» **Work instruction**: What you return must be an exact copy of the lines in the listing below between the line holding "Motivational and inspirational" and the line holding "This Land is", inclusive, and nothing more.
** Opening Recorded data block **
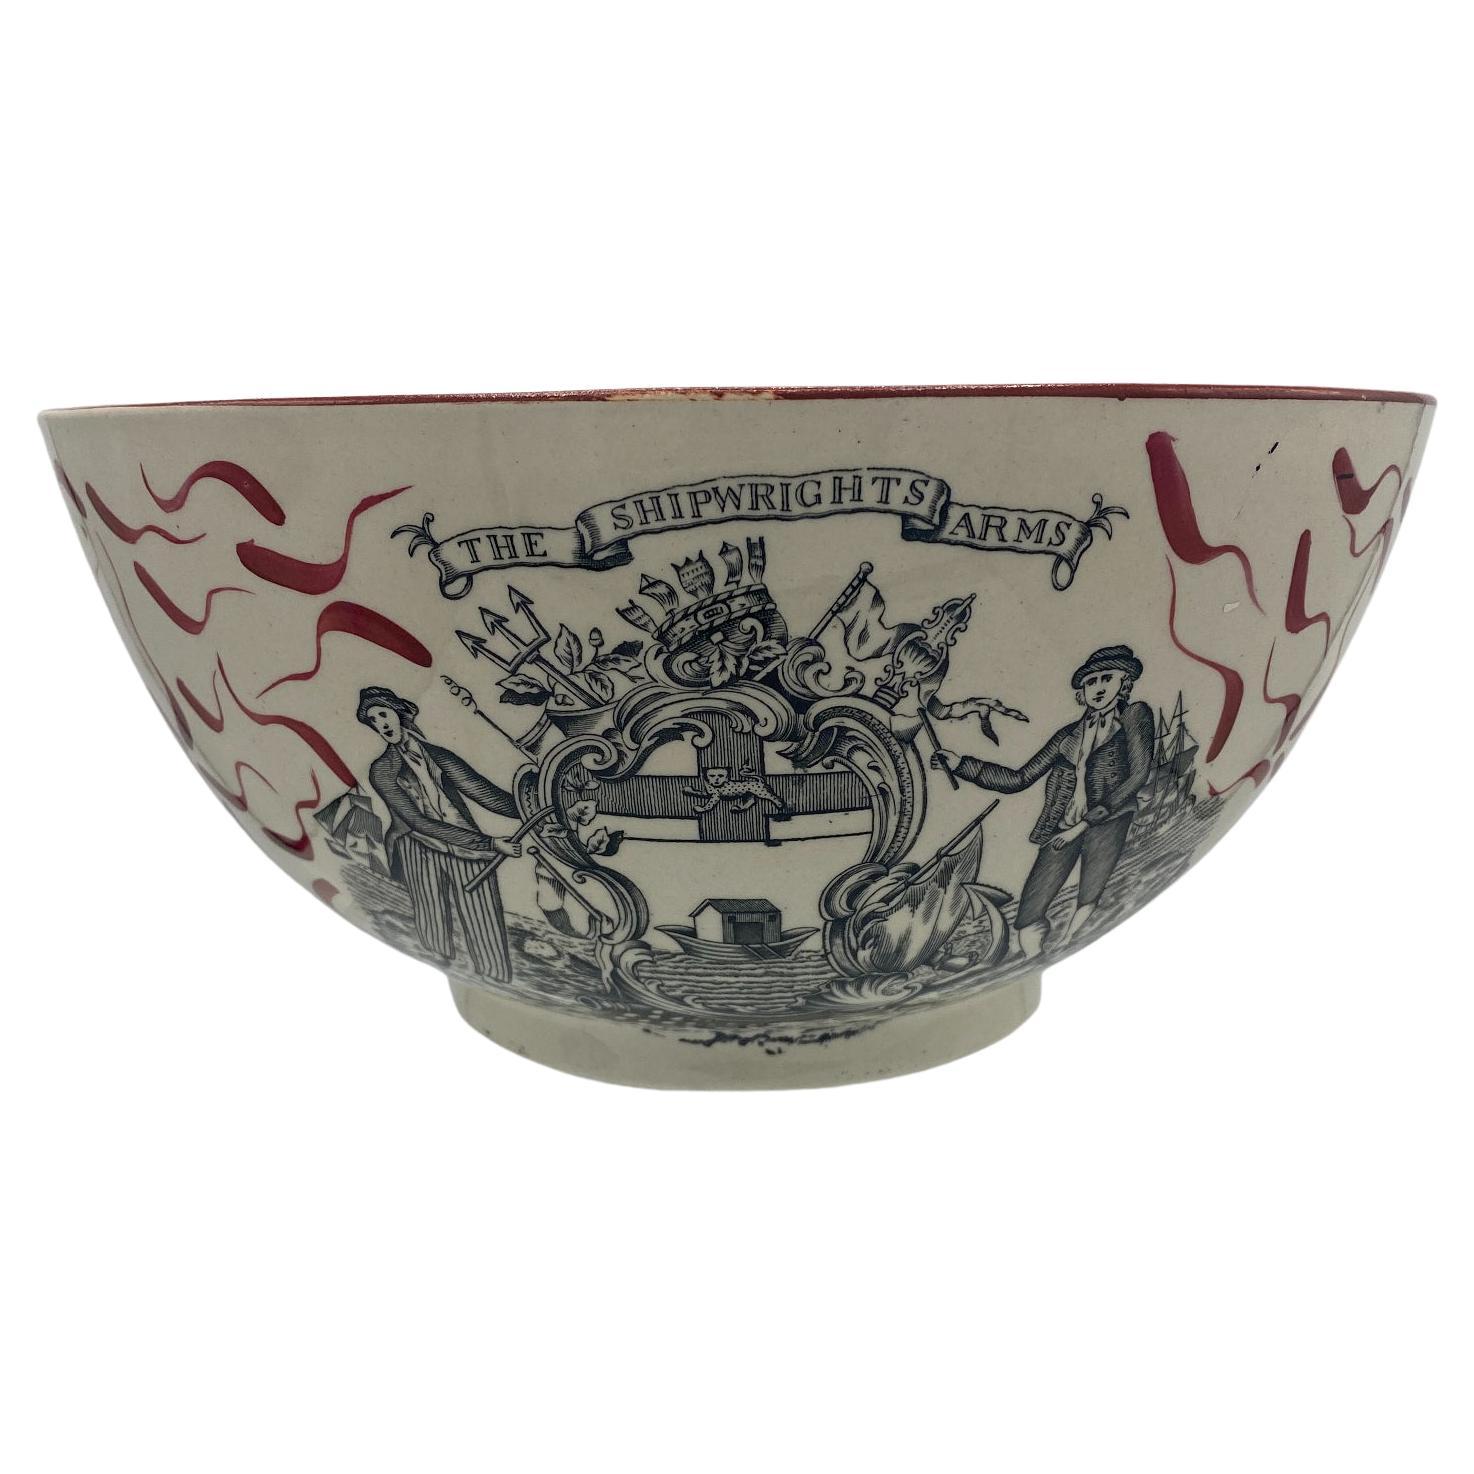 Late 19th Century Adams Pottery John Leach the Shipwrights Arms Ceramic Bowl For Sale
** Closing Recorded data block **
** Opening Recorded data block **
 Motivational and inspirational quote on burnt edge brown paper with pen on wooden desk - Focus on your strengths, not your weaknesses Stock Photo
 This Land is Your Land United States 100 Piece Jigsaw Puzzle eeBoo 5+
** Closing Recorded data block **
» **Final answer**:
 Motivational and inspirational quote on burnt edge brown paper with pen on wooden desk - Focus on your strengths, not your weaknesses Stock Photo
 This Land is Your Land United States 100 Piece Jigsaw Puzzle eeBoo 5+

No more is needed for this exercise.